The BIFI Institute was founded in October 2002 by a group of professors from the Faculty of Sciences of the University of Zaragoza, from the departments of theoretical physics, condensed matter physics, biochemistry, and molecular biology. Its first director was the mathematician, José Félix Sáenz Lorenzo (2002–2011).

From November 2003 to 2010, the institute was located in the Cervantes Building in Corona de Aragón 42, Zaragoza. In October 2006, BIFI joined the Spanish Supercomputing Network hosting the supercomputer CaesarAugusta (supercomputer). This node became operational at the end of 2007.
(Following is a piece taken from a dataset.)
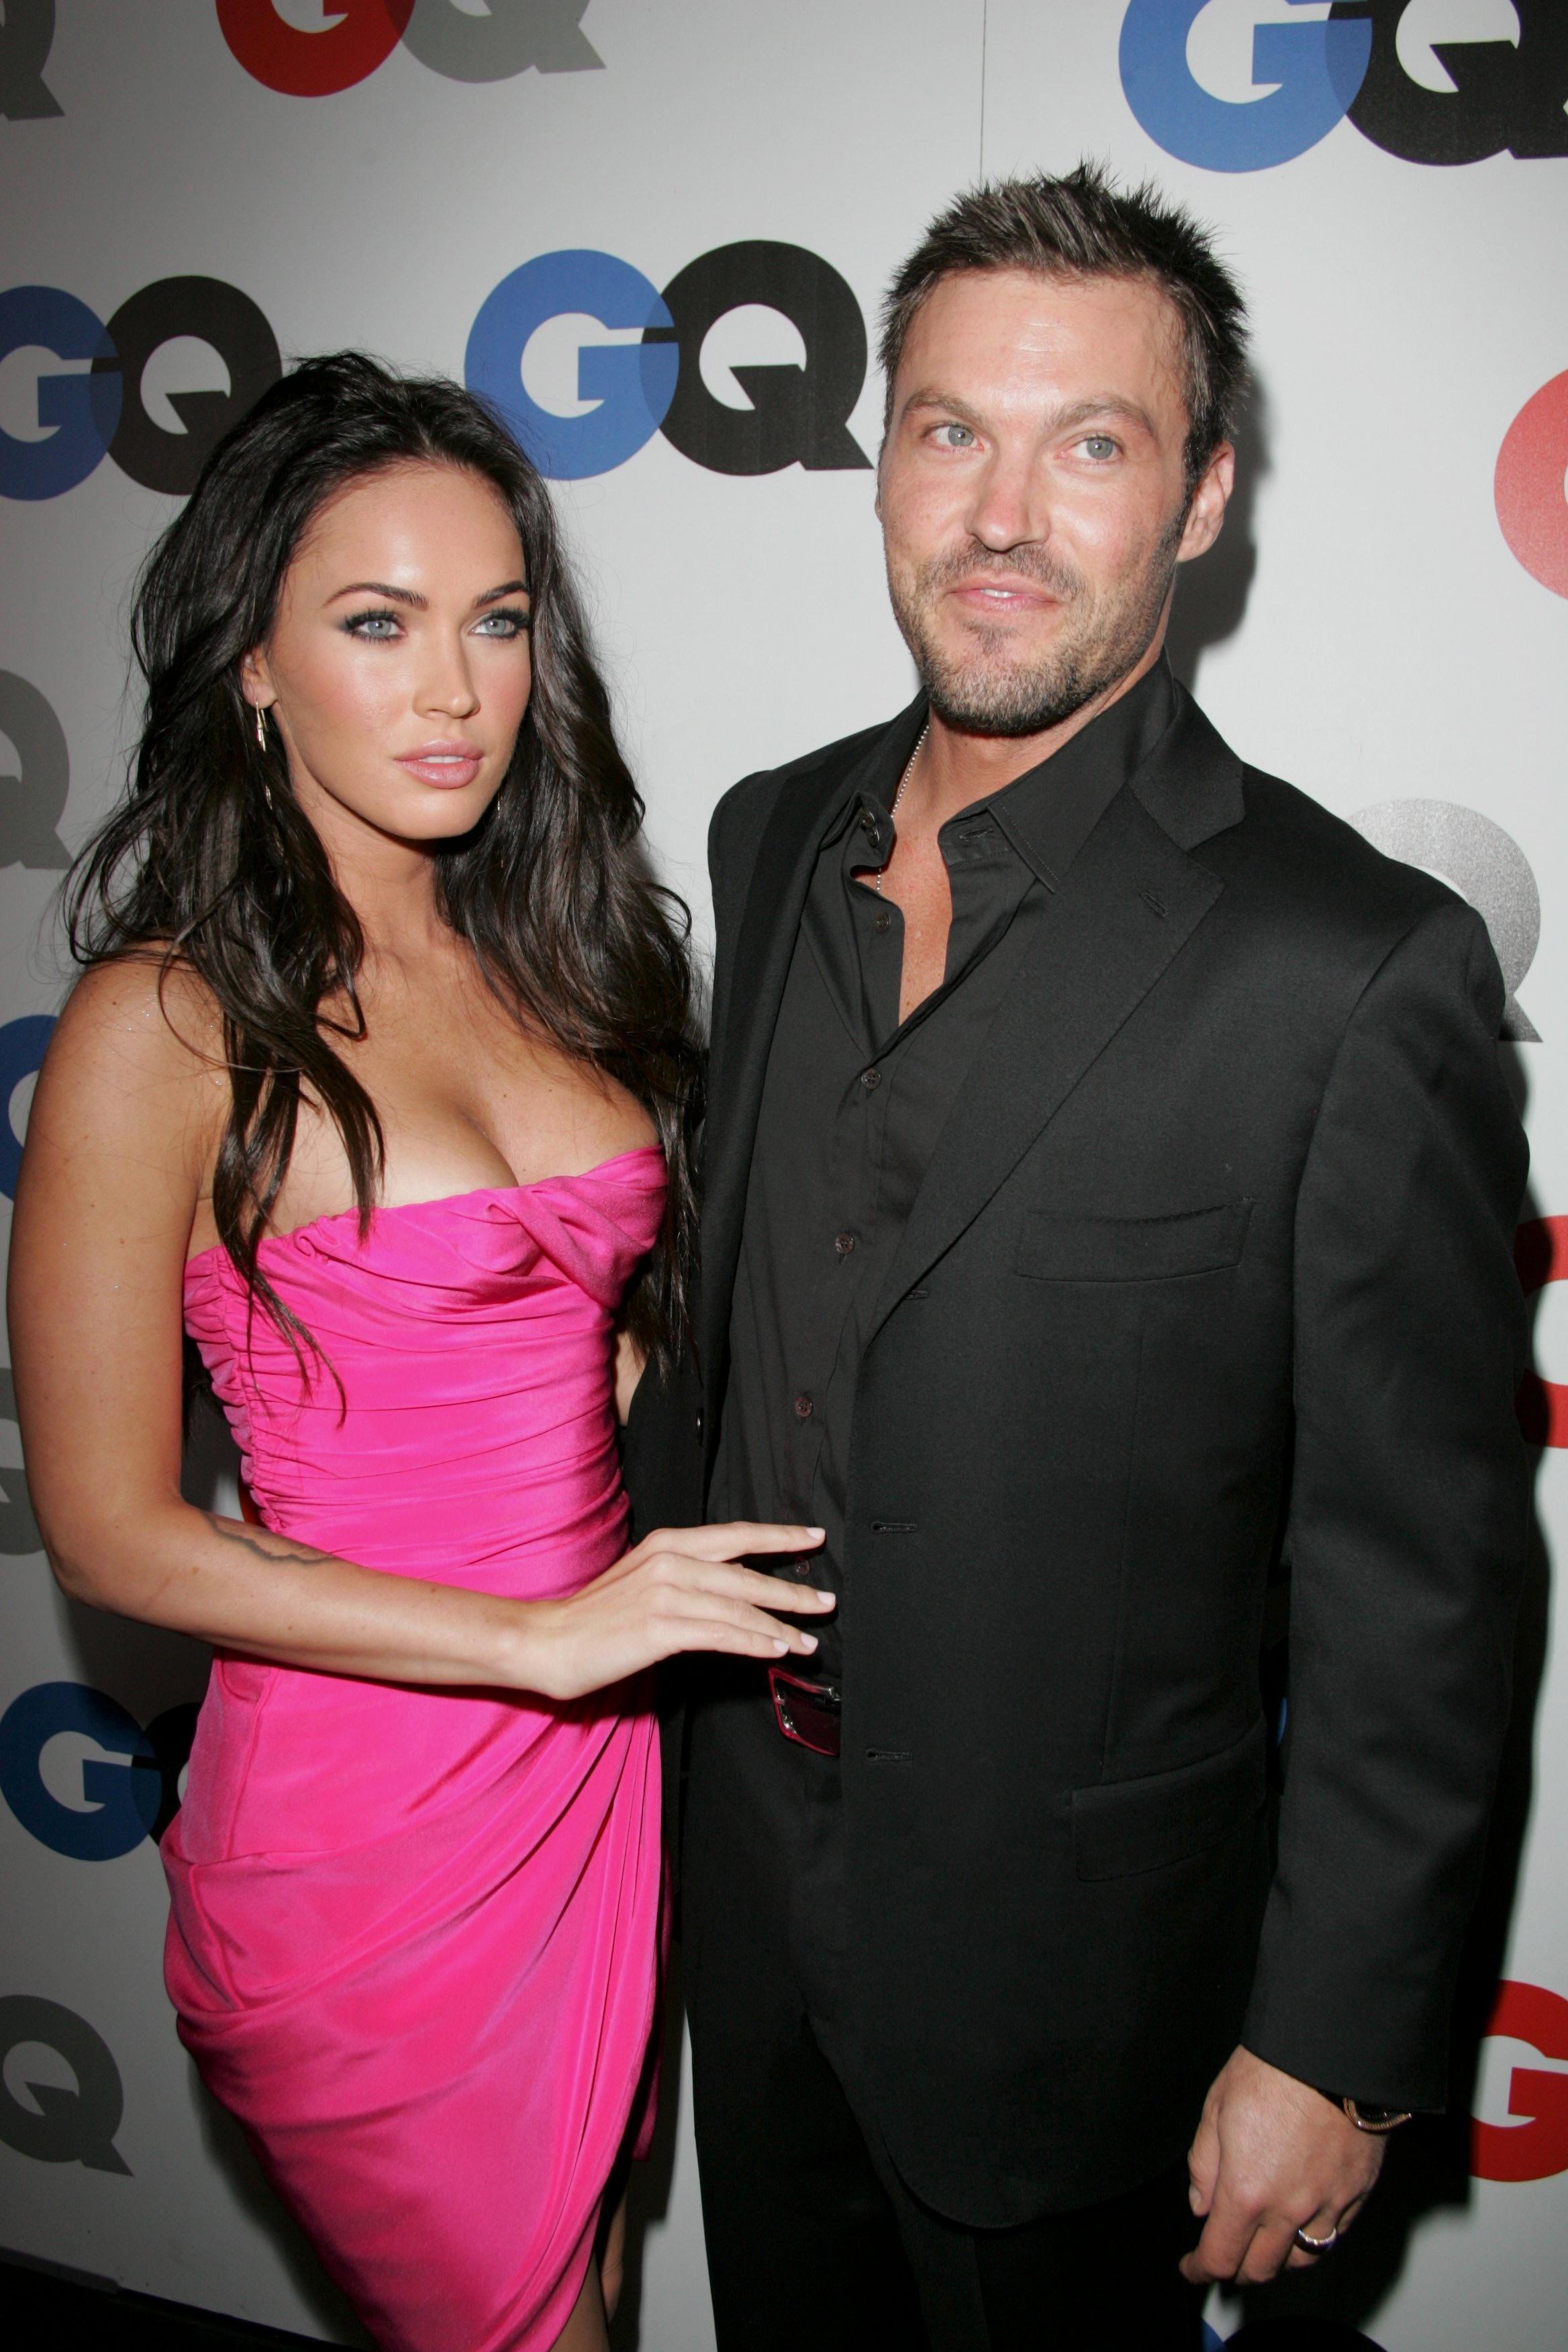 Megan Fox and Brian Austin Green GQ Men of the Year Party, Los Angeles, America - 18 Nov 2008

In 2010, BIFI moved its facilities to the I+D+i Building, located at the Rio Ebro Campus of the University of Zaragoza, in the Actur district. The building was specifically designed to host the research institutes of the University of Zaragoza (UNIZAR). Currently, in addition to BIFI, the building hosts the Institute of Nanoscience of Aragon (INA), the Aragon Institute for Engineering Research (I3A) and the Zaragoza Scientific Center for Advanced Modeling (ZCAM).

== Research lines ==
The research developed at the BIFI Institute is divided into four macro-areas:
- Biochemistry and molecular and cellular biology (MCB)
- Biophysics
- Computing
- Physics

The fundamental objectives of BIFI are: to achieve research excellence, to transfer fundamental knowledge, to promote innovatin,n and to train a new generation of young scientists in the use of techniques and methods from different disciplines. BIFI also fosters an open and innovative scientific culture and the development of a wide network of collaborations with prestigious institutions at national and international levels.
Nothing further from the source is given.